Download the data set

In [None]:
download("https://archive.ics.uci.edu/ml/machine-learning-databases/auto-mpg/auto-mpg.data-original",
         "auto.txt")

Use `readlines` to read the file.

In [None]:
readlines("auto.txt")

Notice the following
1. no header
2. some tab, some space separated
3. "NA" for missing value

Different options to parse into a `DataFrame`.

### Replace tabs with spaces
Read file into a string

In [None]:
raw_str = read("auto.txt", String)

Replace tab by space
This will not work if column text has tab in it.

In [None]:
str_no_tab = replace(raw_str, '\t'=>' ')

Create `IOBuffer` from the string

In [None]:
io = IOBuffer(str_no_tab)

Read data from `io` into CSV, and notice the following
1. delimiter is space
2. ignore consecutive delimiter
3. specify column header
4. specify missing value is represented by "NA"

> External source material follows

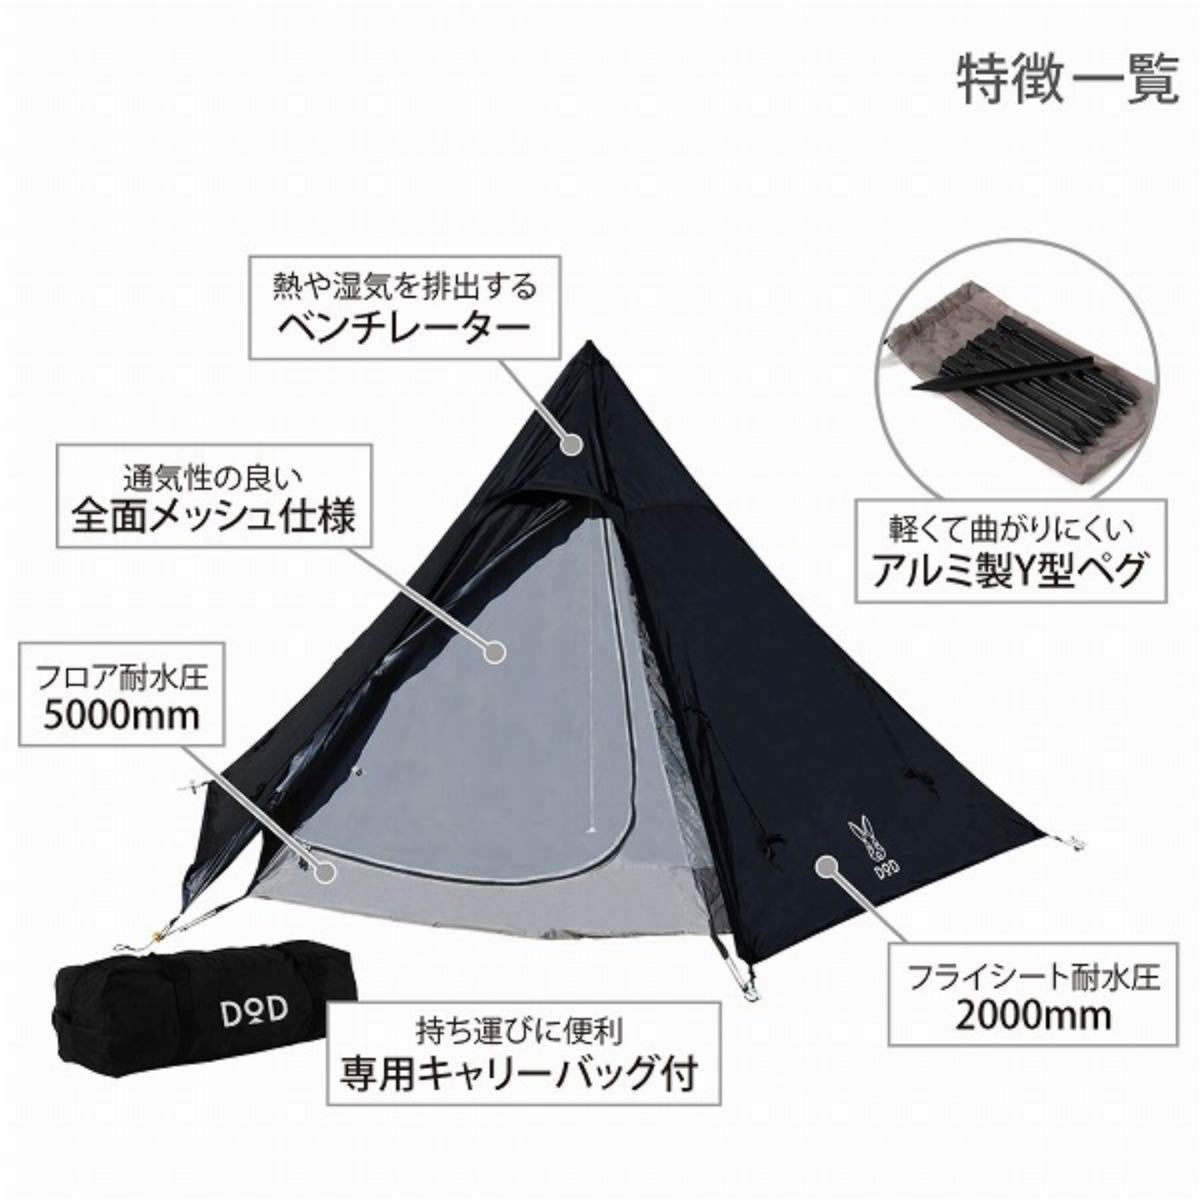 【新品未使用】DOD ワンポールテントS 3人用 テント

Notice a pipe is used to pass output from `CSV` to `DataFrame`.

In [None]:
df1 = CSV.File(
    io,
    delim = ' ',
    ignorerepeated = true,
    header = [
        :mpg, :cylinders, :displacement, :horsepower,
        :weight, :acceleration, :year, :origin, :name,  
    ],
    missingstring = "NA",
) |> DataFrame

Control the amount of data displayed

In [None]:
ENV["COLUMNS"] = 200
ENV["LINES"] = 15
df1

### Read directly

In [None]:
df_raw = CSV.File("auto.txt", header=[:metrics, :name]) |> DataFrame

Split `:metrics` manually

In [None]:
str_metrics = split.(df_raw[!,:metrics])

Create empty `DataFrame` with list comprehension.  Notice `Float64[]` is an alias for `Array{Float64, 1}`.

In [None]:
df1_2 = DataFrame([col => Float64[] for col in [:mpg, :cylinders, :displacement, :horsepower, :weight, :acceleration, :year, :origin]])

Allow missing values

In [None]:
allowmissing!(df1_2, [:mpg, :horsepower])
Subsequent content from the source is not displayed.